Application to treatment and diagnosis
Compounds and antibodies targeting the molecules in microglia, including P2X4 receptor, have been developed and reported to be effective in preclinical studies.6, 21) It is hoped that the efficacy will also be shown in clinical studies in patients with neuropathic pain.
Microglial imaging techniques in the human brain and spinal cord are applicable to drug discovery, treatment, and even diagnosis.

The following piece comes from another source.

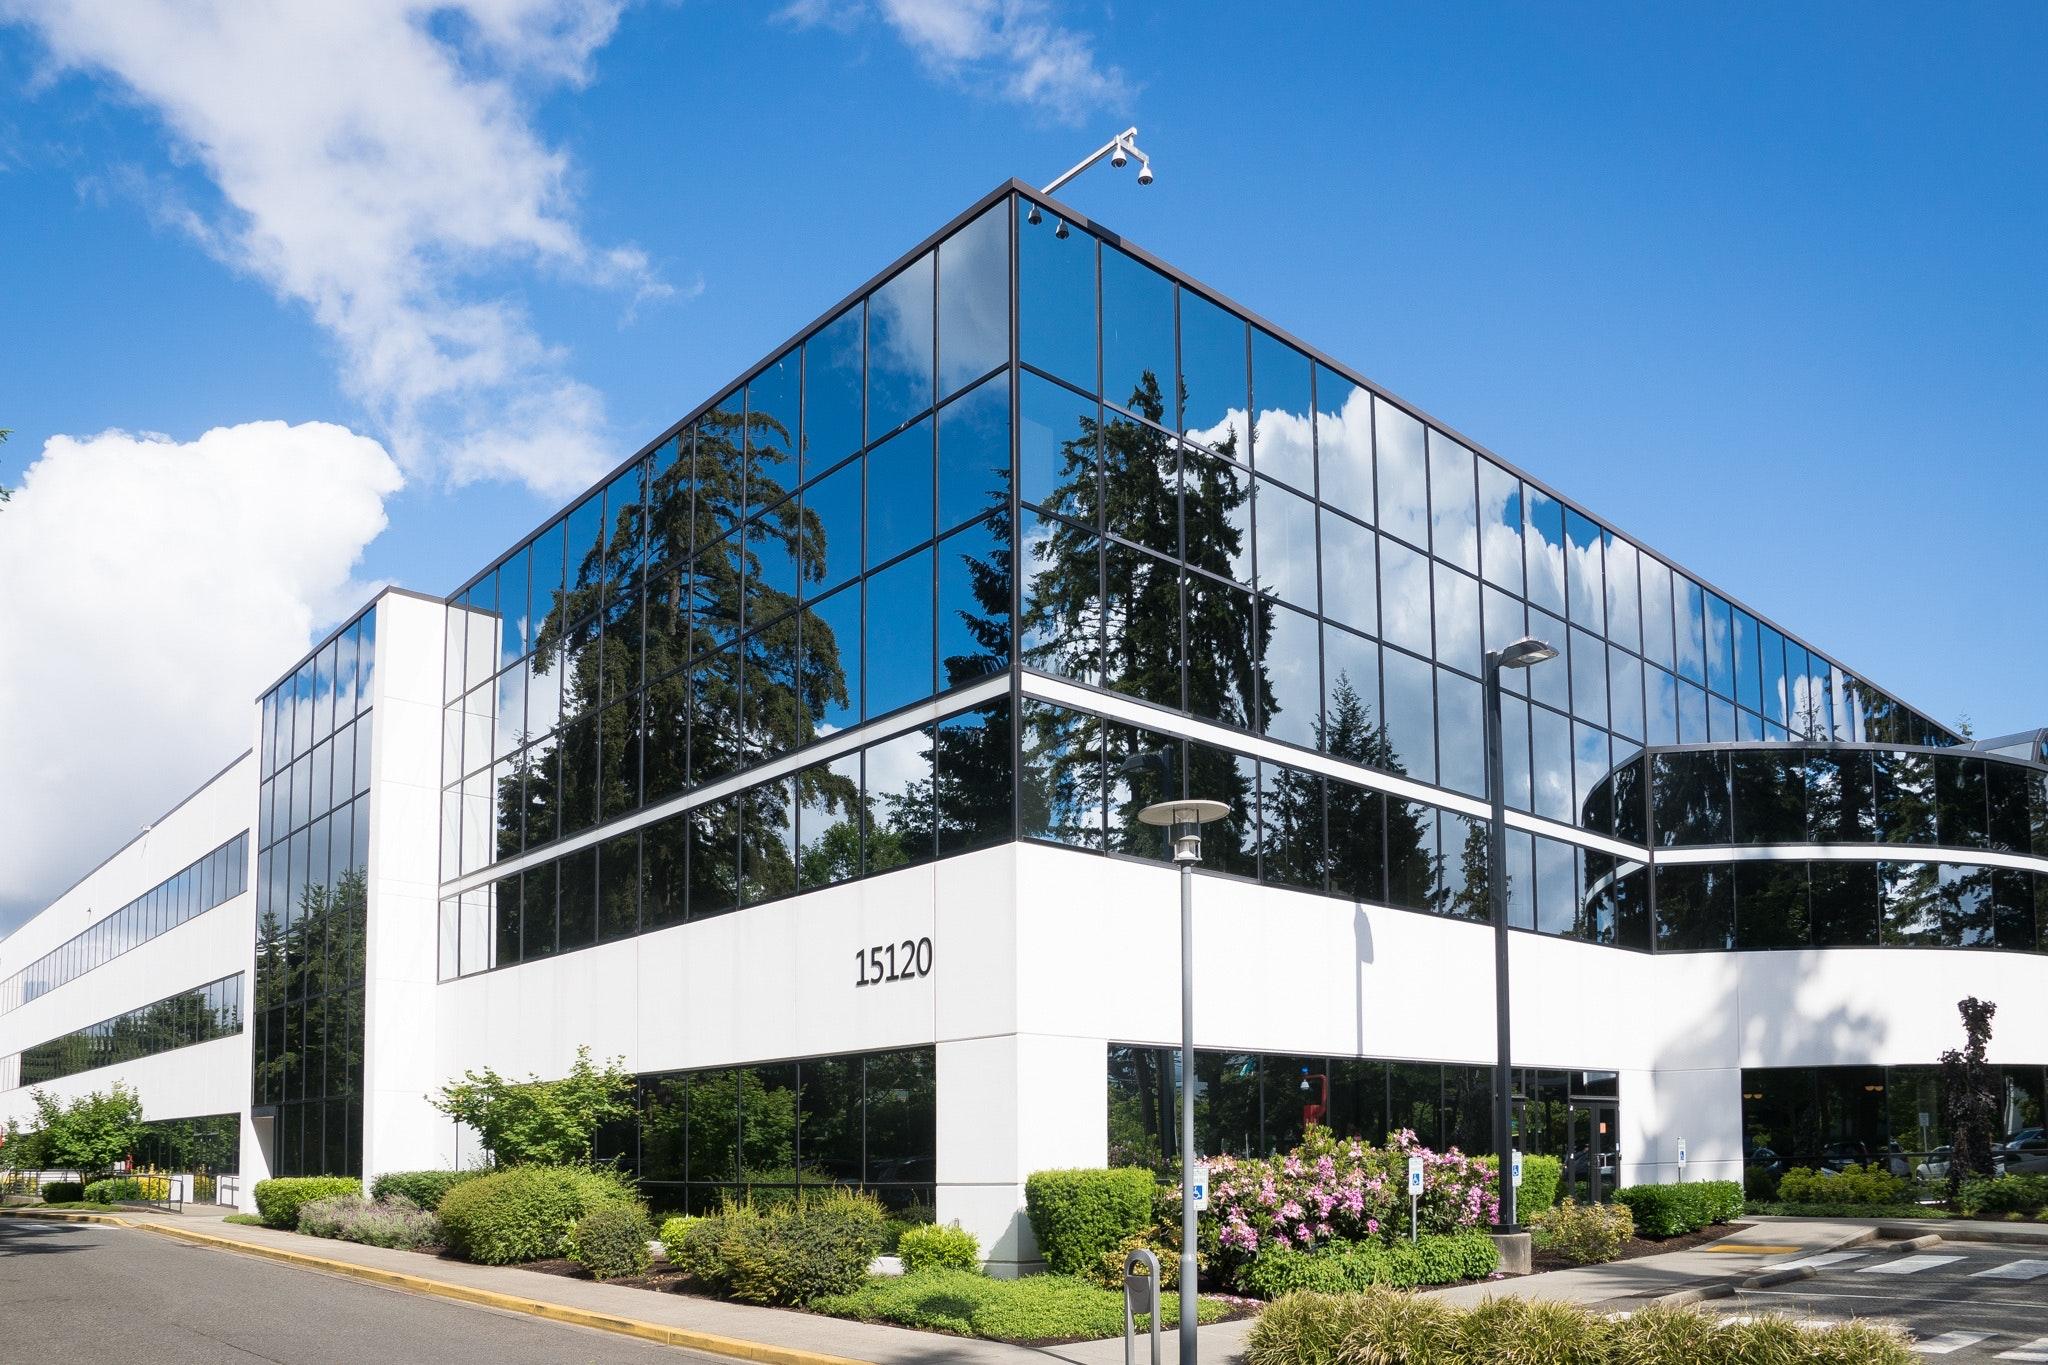 Commercial Loan Eastern Savings Bank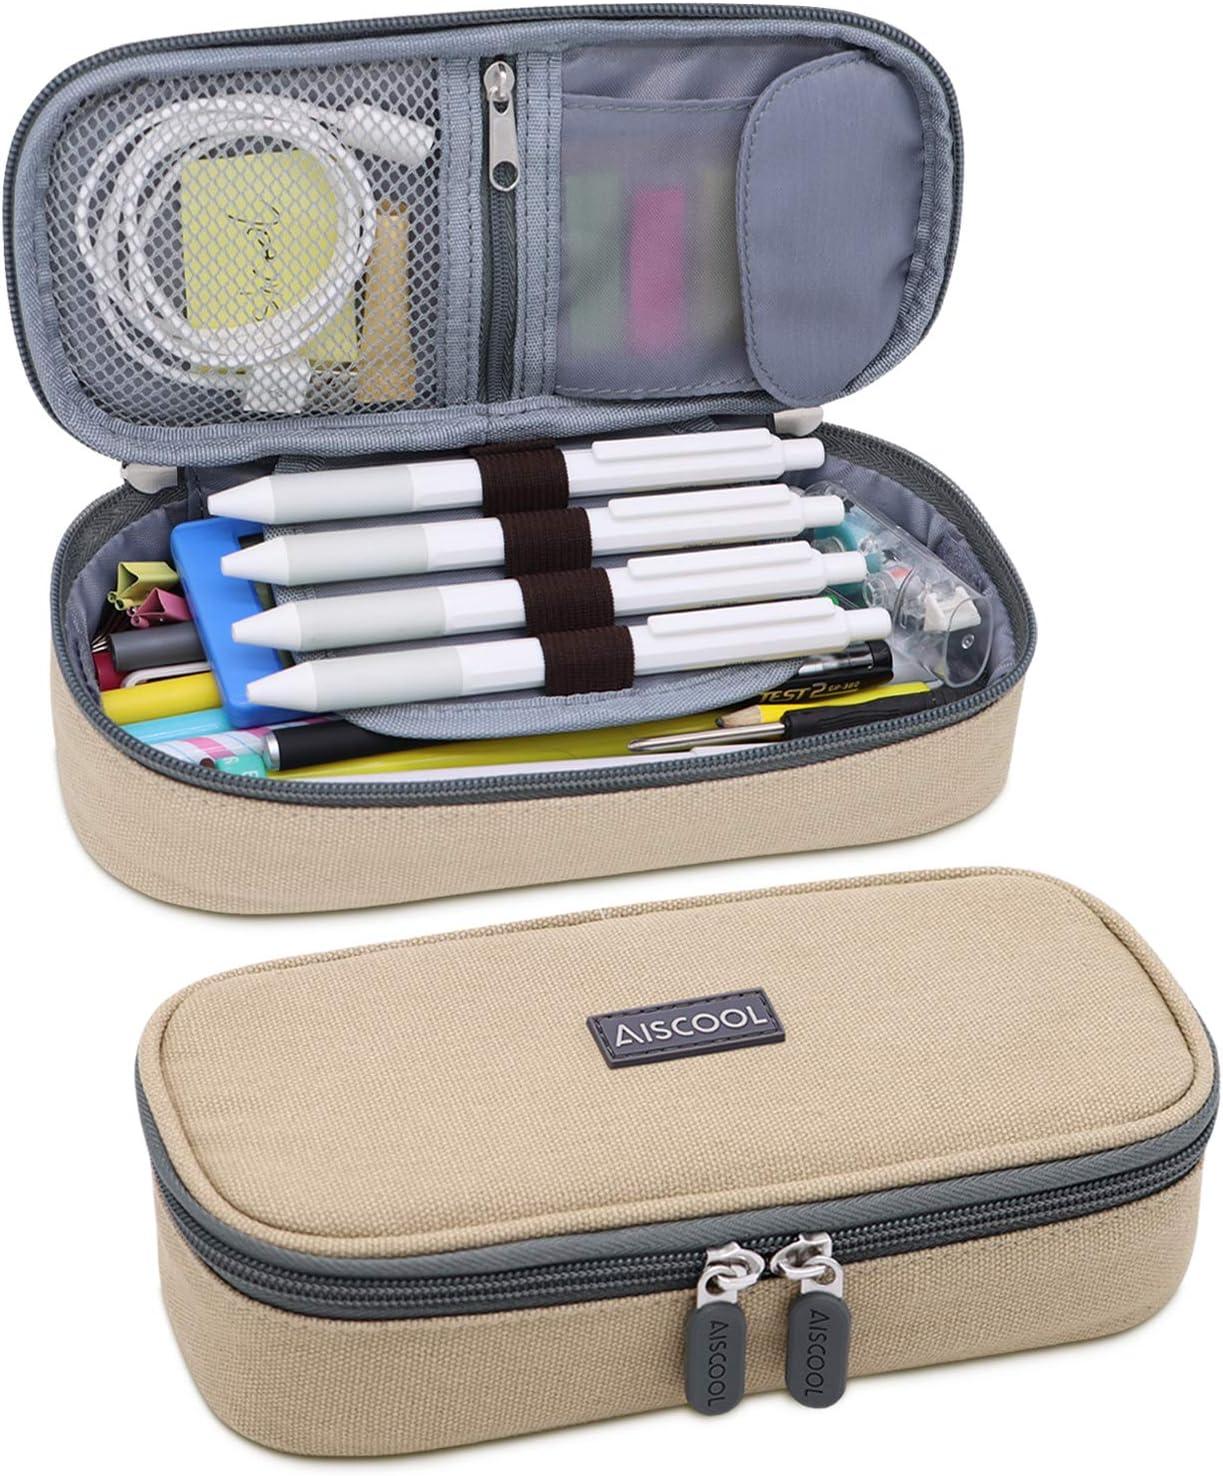 Aiscool Big Capacity Pencil Case Canvas Holder Bag Pen Organizer Pouch Stationery Box Large Storage for School Supplies School Office Stuff (Khaki)

While microglia are extremely difficult to biopsy, a research group led by Takahiro Kato at Kyushu University found that induced microglia-like cells (iMG cells) differentiated from peripheral blood monocytes of patients with fibromyalgia had an increased ability to release TNFα, and this increase was associated with pain.22) Future studies may be expected to lead to application of iMG cells to diagnosis and treatment of chronic pain.
Many studies over the past several decades have revealed the importance of not only neurons, but also microglia, which are activated in the spinal dorsal horn and brain along with neuronal damage, in the development of neuropathic pain.6) Contribution of astrocytes to neuropathic pain has also been shown (refer to another review,23) etc.). These findings serve as an important example of powerful effects of glial cells, which have traditionally been regarded merely as nerve supporting cells, on neuronal function, highlighting the importance of perspective to neuron-glia interactions to understand the mechanism of neuropathic pain and central nervous functions. On the other hand, it is very unclear how the heterogeneity of microglia, which has been revealed by recent single-cell analyses, is altered after neuronal damage, and what this alteration means in chronic pain, requiring further studies. Future clarification of roles of microglial subsets and microglial interactions with neurons may open an important way to elucidate the mechanism of neuropathic pain and develop treatments.